## Instructions for the task
Without the pictures, repeat the listing character for character.

## Given material
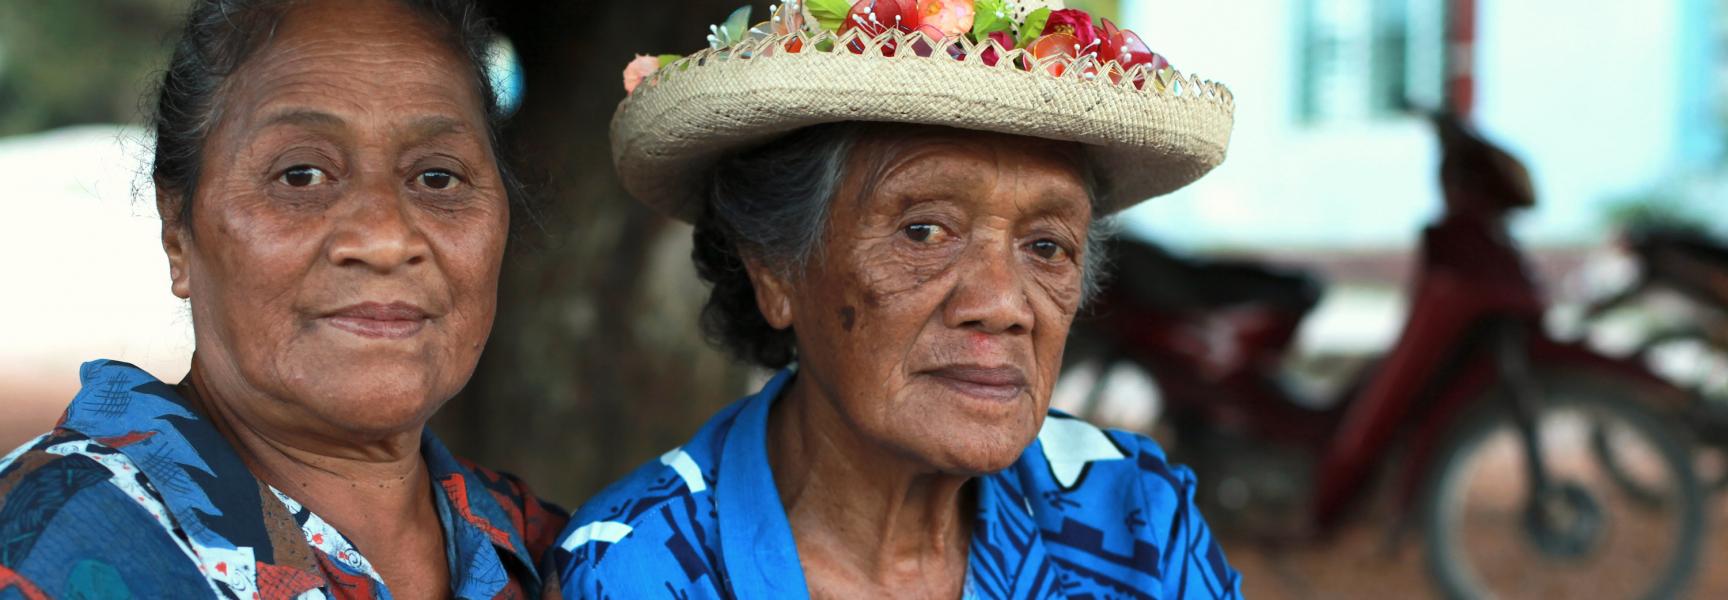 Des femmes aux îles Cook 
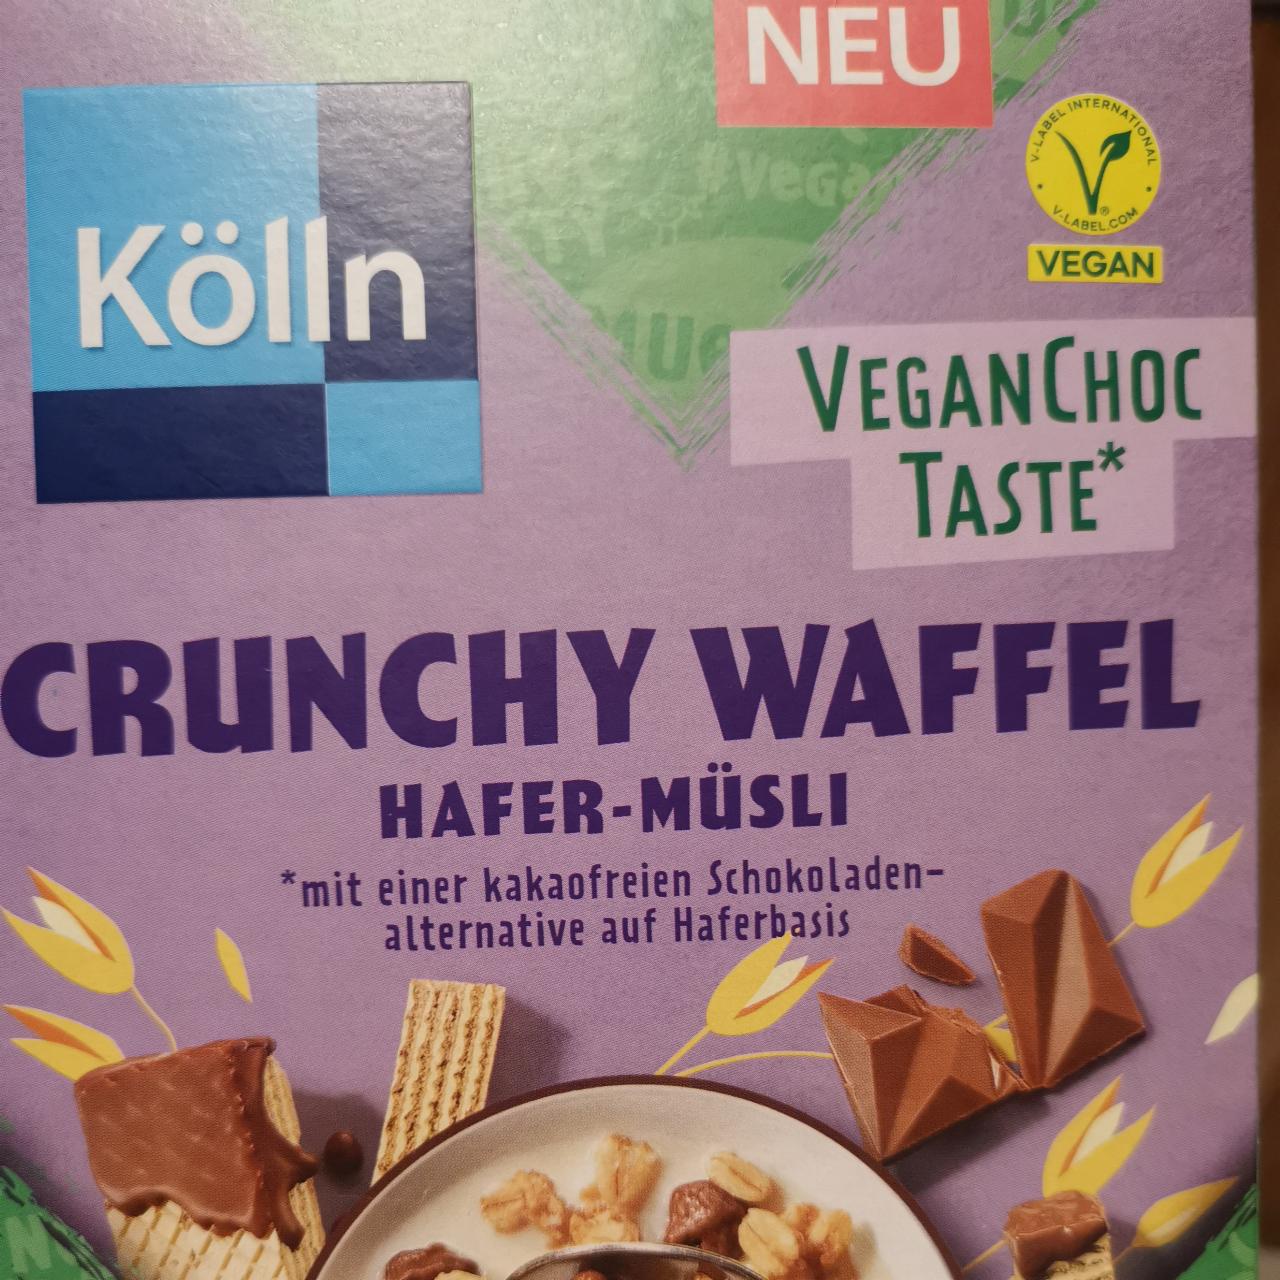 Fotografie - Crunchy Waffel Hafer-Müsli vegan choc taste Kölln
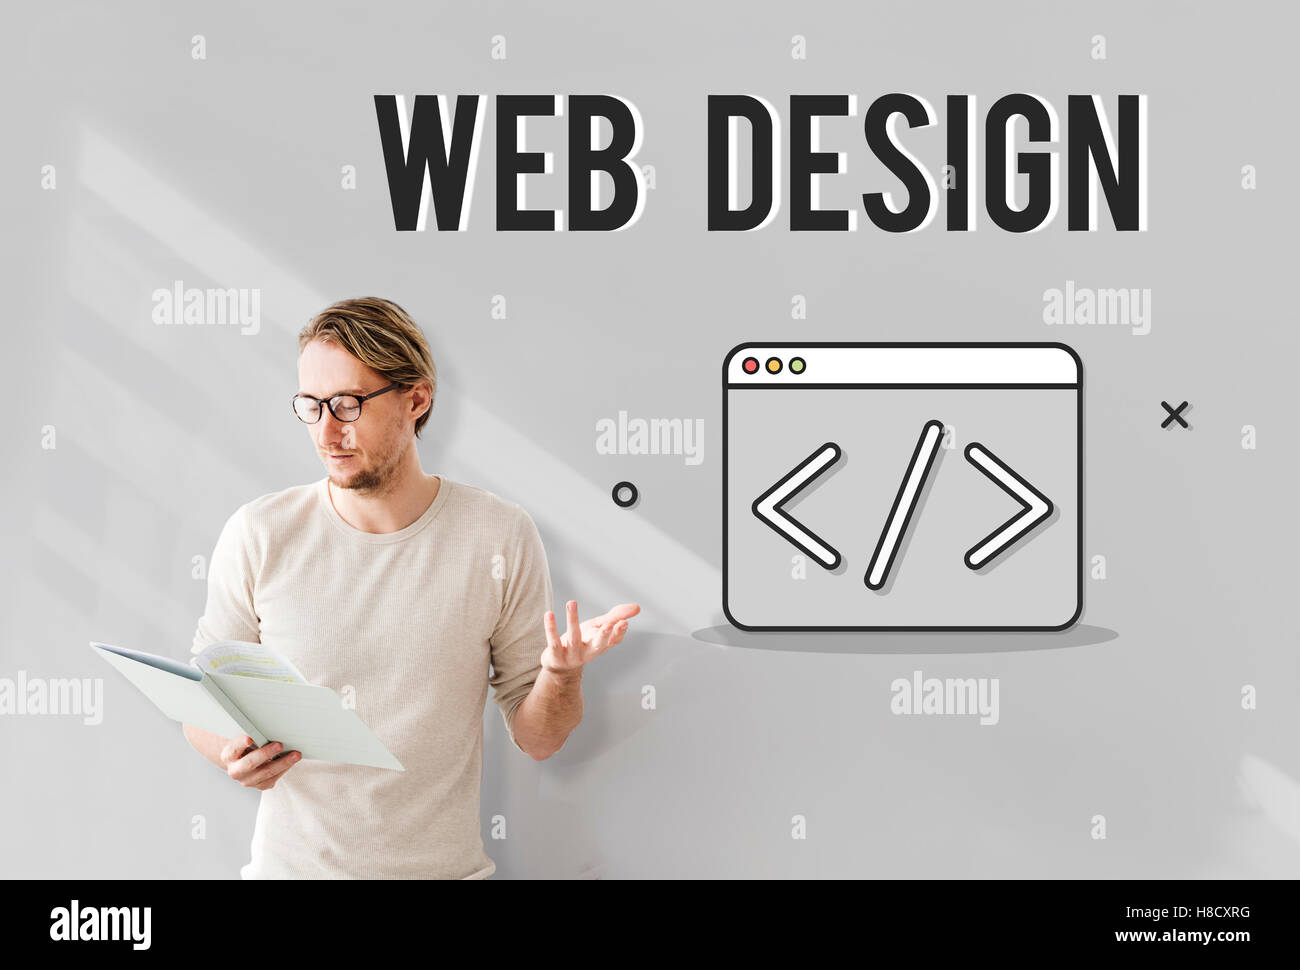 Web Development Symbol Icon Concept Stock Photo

## Exercise result
 Des femmes aux îles Cook 
 Fotografie - Crunchy Waffel Hafer-Müsli vegan choc taste Kölln
 Web Development Symbol Icon Concept Stock Photo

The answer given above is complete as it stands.